Syria’s 32 archaeological museums have packed away their collections, but objects have been looted from at least three. In Raqqa, controlled by foreign-led Islamist groups, some objects appear to have been destroyed out of religious objections to their pagan provenance or depiction of living creatures, said Ahmad Deeb, the director of museums at the Ministry of Culture.

Antiquities have sometimes fared better in areas under the control of local Syrian insurgents, who are more likely to understand and value them, officials said. (One Bedouin insurgent who grew up in Palmyra’s ruins, tending camels, said he and his comrades left town to avoid damaging them.) And in Maarat al-Noaman, where rebels occupy a museum full of renowned mosaics, Ms. Hassan said, the government pays the fighters to preserve them.

“There are all sorts of deals,” she said.

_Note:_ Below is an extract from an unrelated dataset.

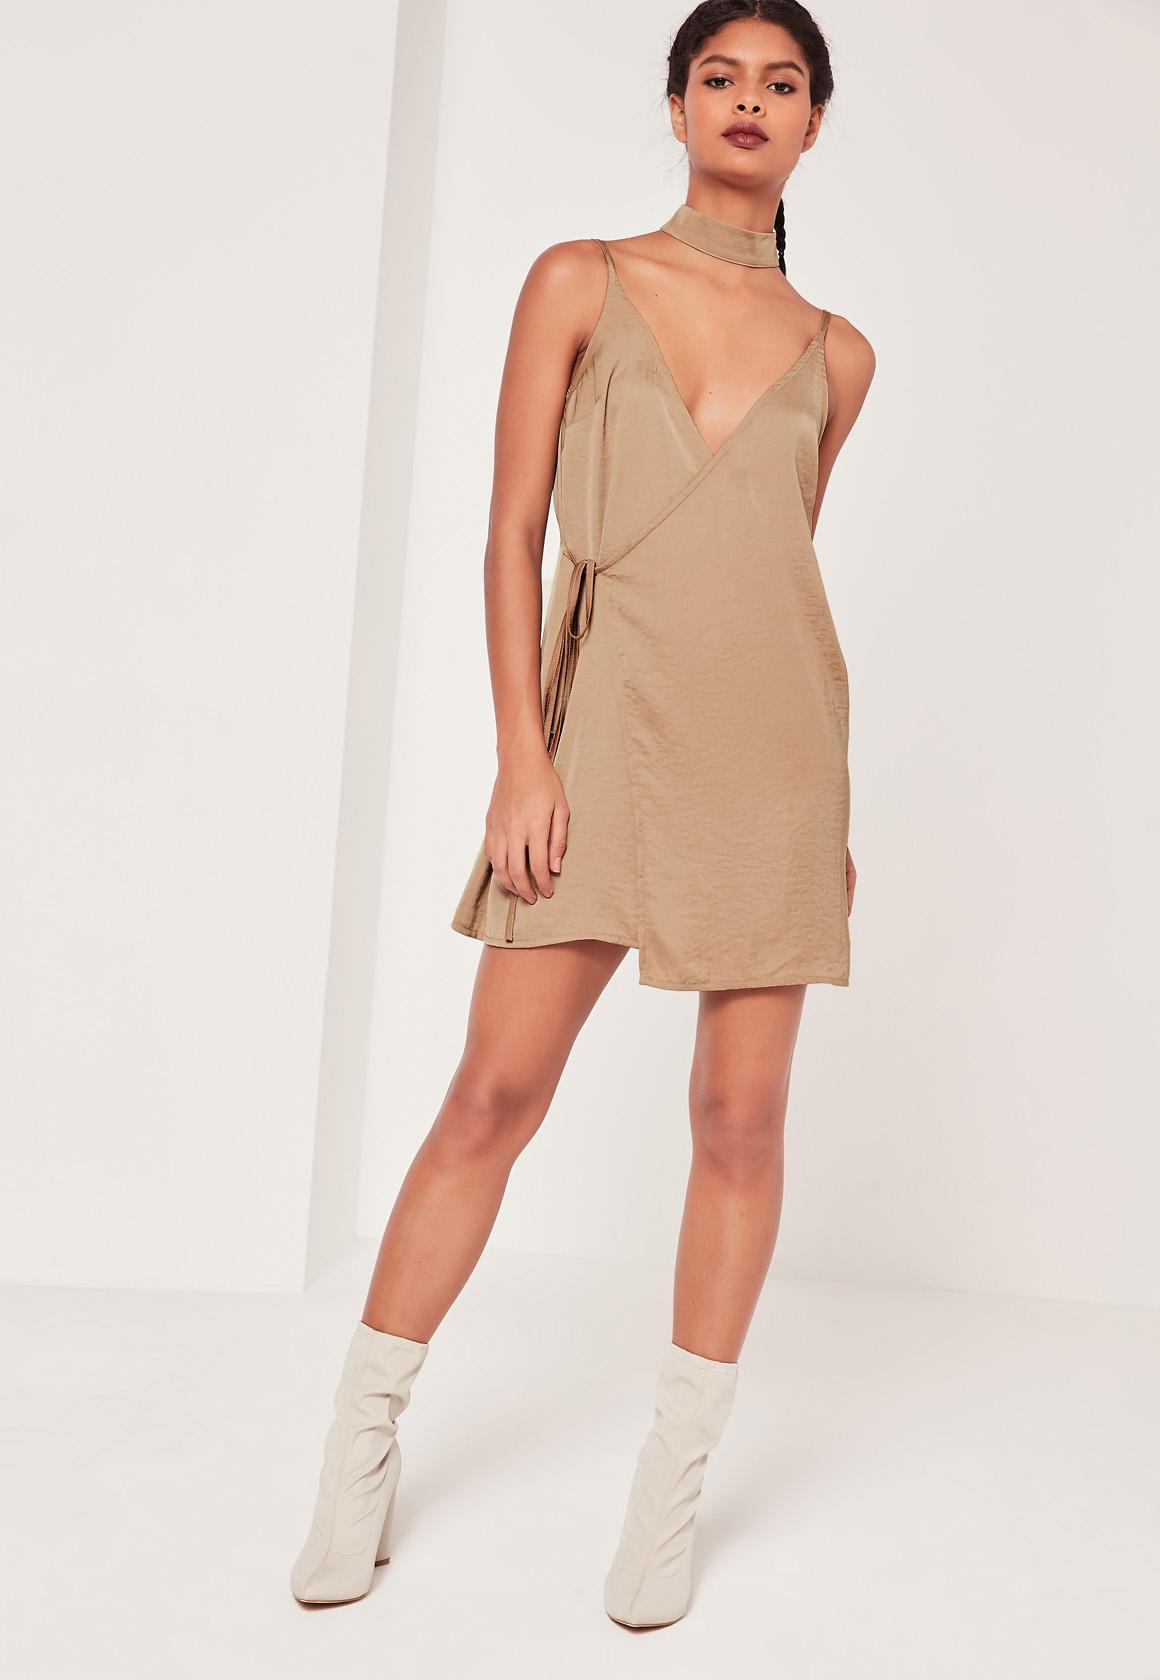 2 Piece Choker Silky Wrap Dress Nude

Temples have stood in Palmyra for thousands of years, and human habitation dates back much further. Successive civilizations included the brief third-century rule of Queen Zenobia, who revolted against the Romans. Many residents, including Muslims, see that history as continuous with their own.

“Inside us there is something very ancient and old,” said Sheikh Ahmed Dagher Abu Ali, a member of Parliament, leading visitors through the otherwise empty museum to admire statues of Palmyra’s female deity Allat and her Greek equivalent Athena. Protecting that heritage from extremist insurgents less than 20 miles to the east is “on our shoulders,” he added. “We are responsible on behalf of all the world’s civilizations.”

Now the Bedouins and camels are gone, the ruins empty but for soldiers perched on the stones, smoking cigarettes. In the museum, a security official in an unmarked army-green uniform sat silently at the desk of the director, Mr. Hariri, who sat to the side.

Mr. Hariri showed off four first-century sculptures recently confiscated from thieves. Next, he pointed to friezes of bejeweled women hanging on the wall, his favorites, he said. Asked why, he answered, “Because they are beautiful.”